Begin the copy at the line containing "Global shipping networks" and end it at the final line of the material below, reproducing each line exactly, without images.

→ **Data segment**:
::::

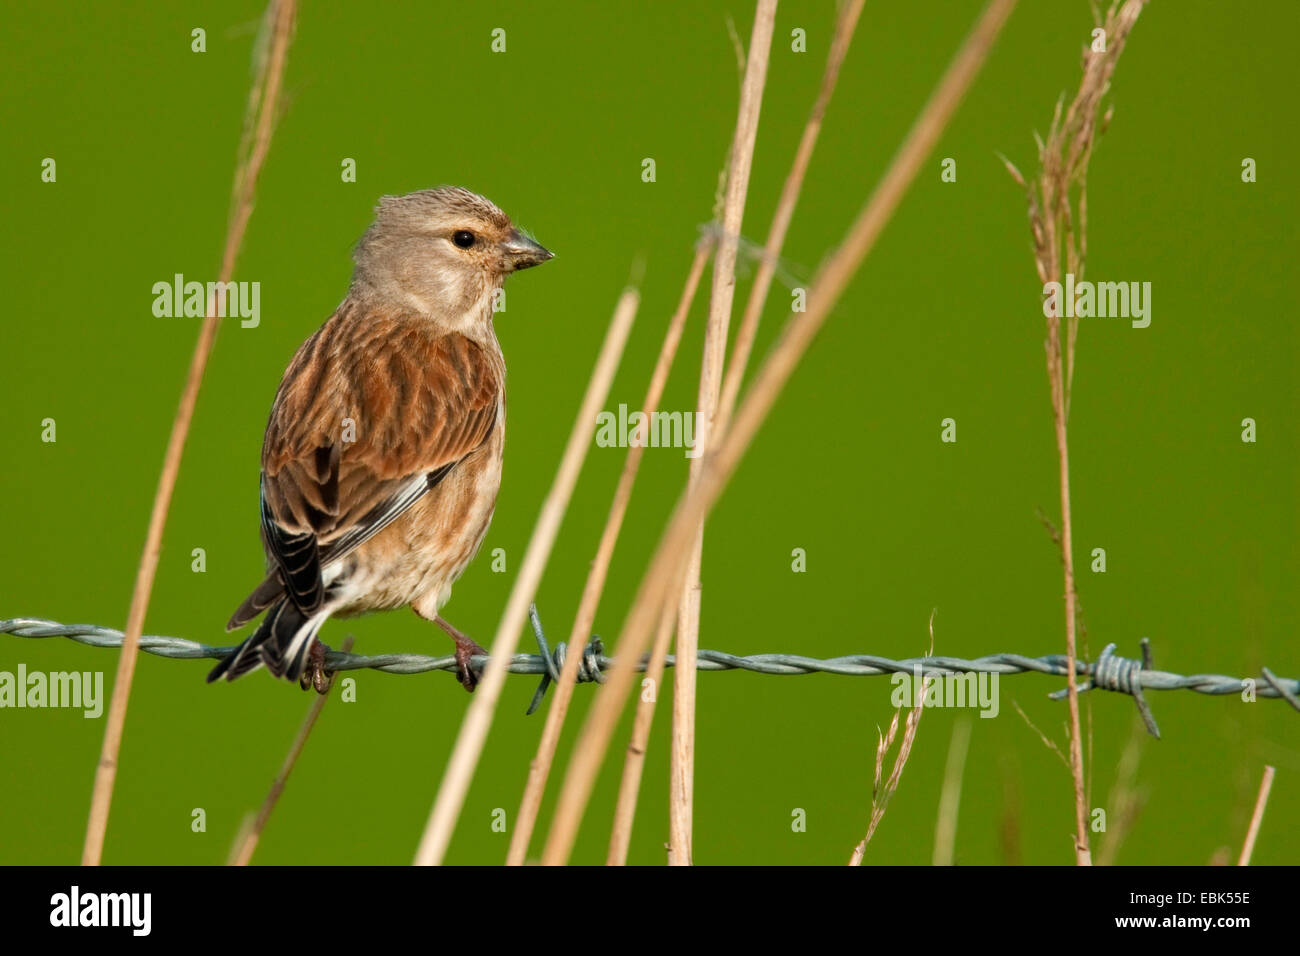 (Carduelis cannabina linnet, Acanthis cannabina), assis sur un barbwire, Pays-Bas, Texel Banque D'Images
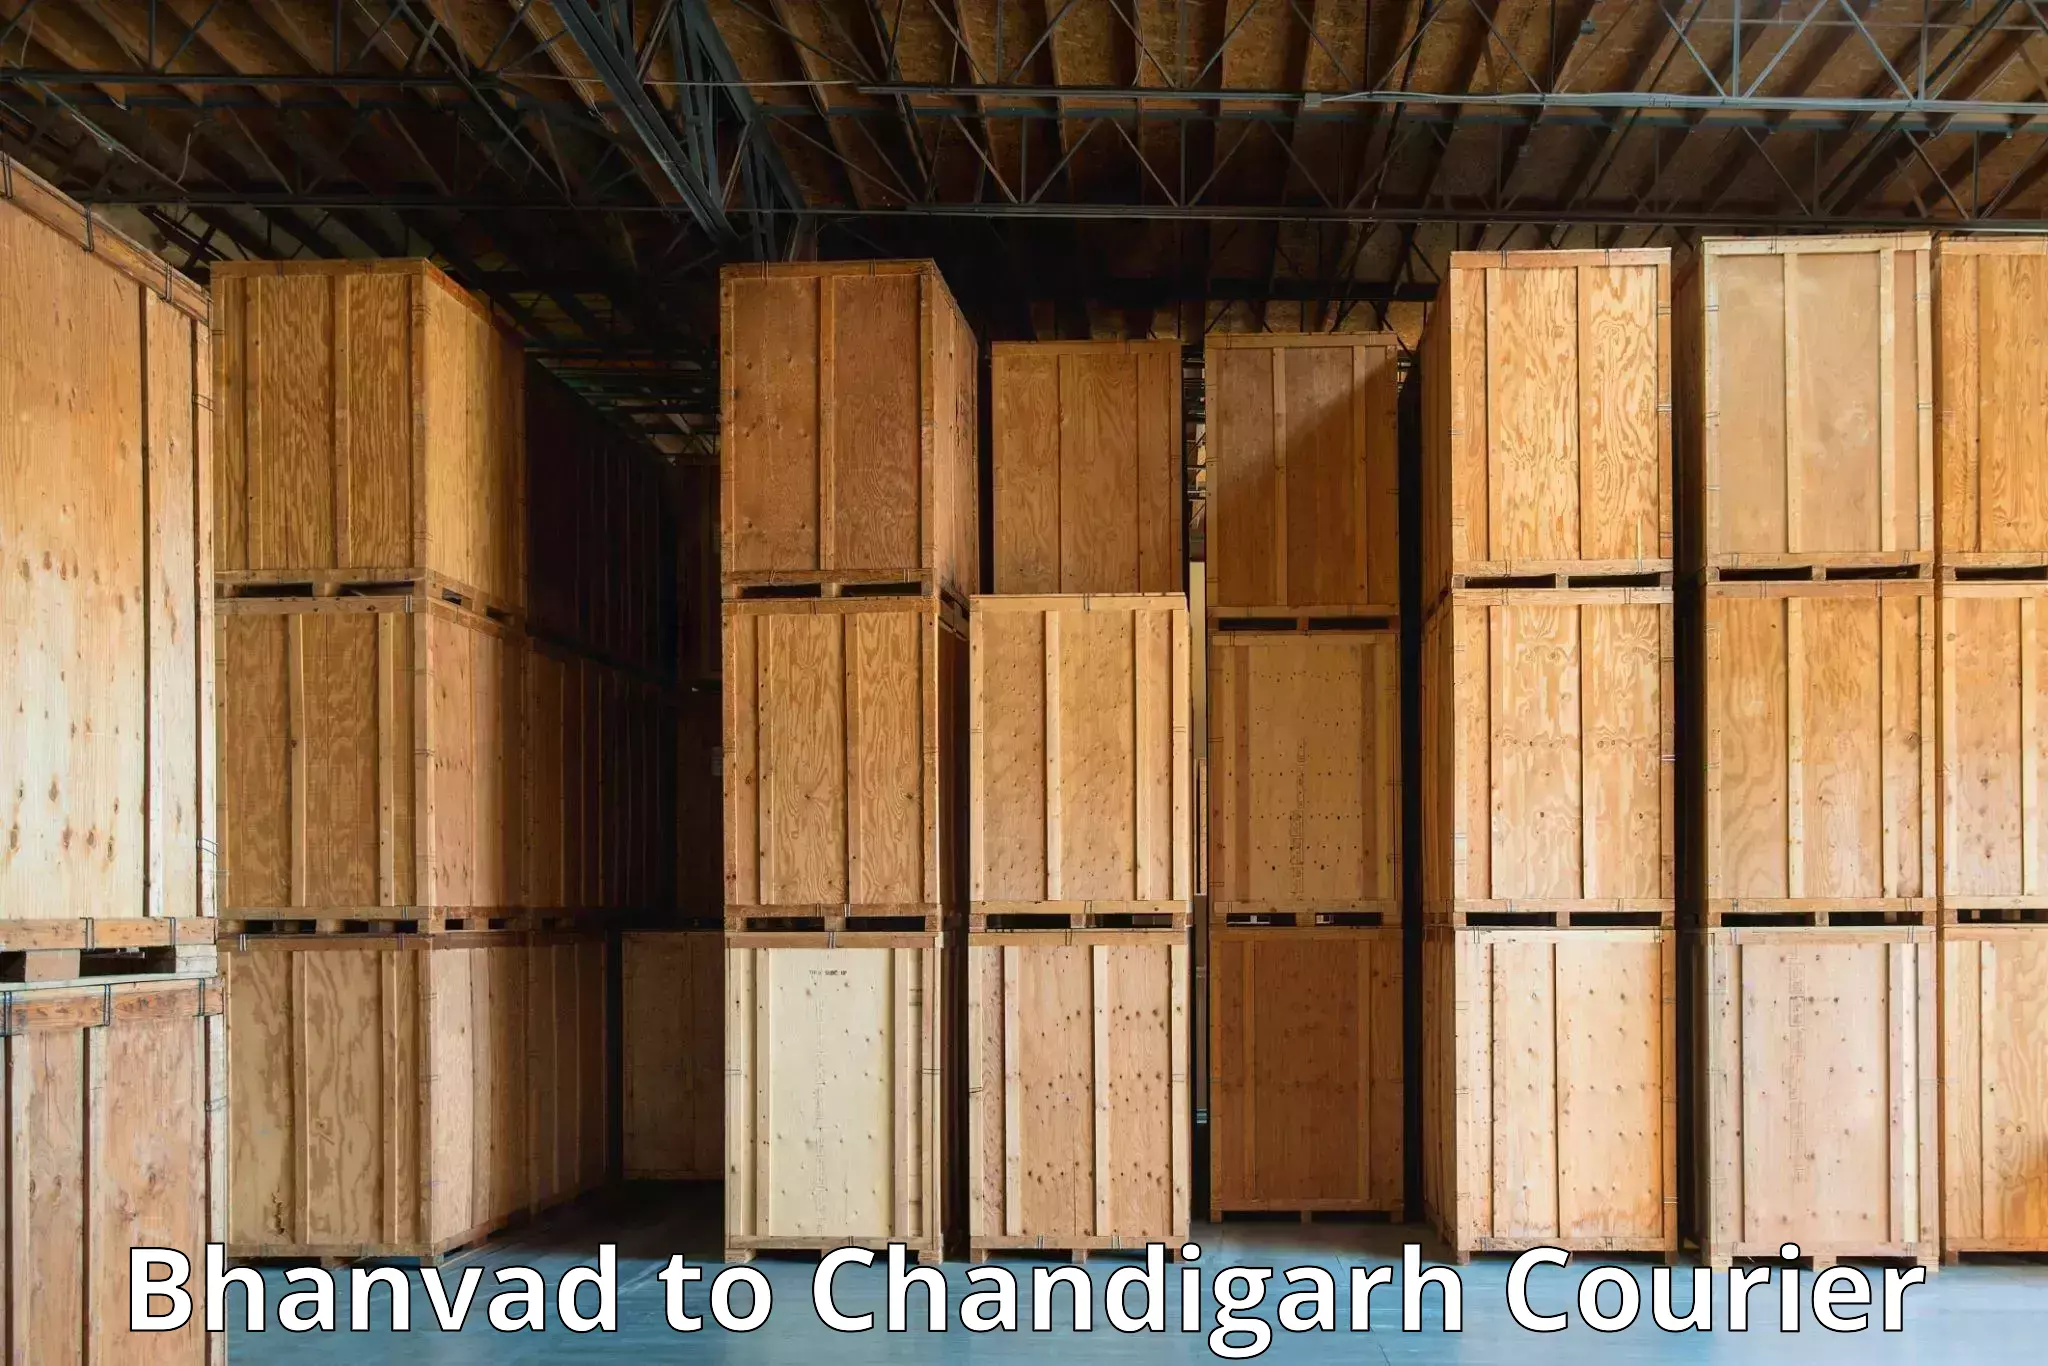 Global shipping networks Bhanvad to Chandigarh
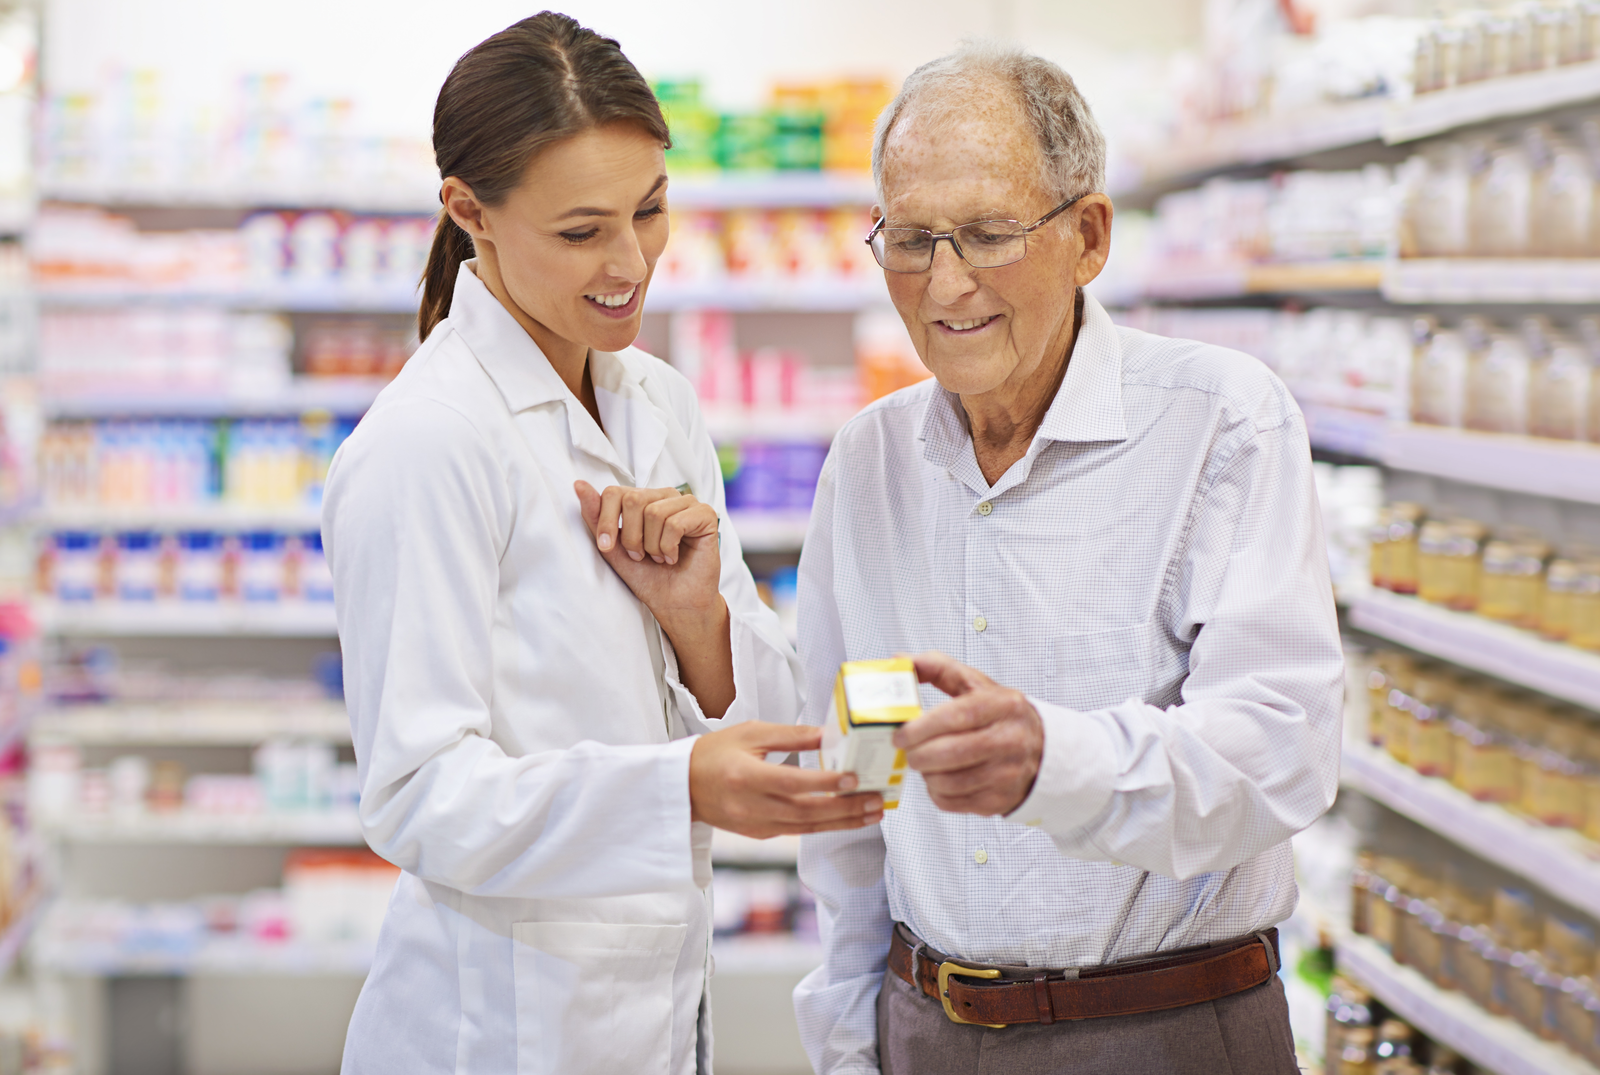 patient talking with pharmacist

::::

→ **Result for this task**:
 Global shipping networks Bhanvad to Chandigarh
 patient talking with pharmacist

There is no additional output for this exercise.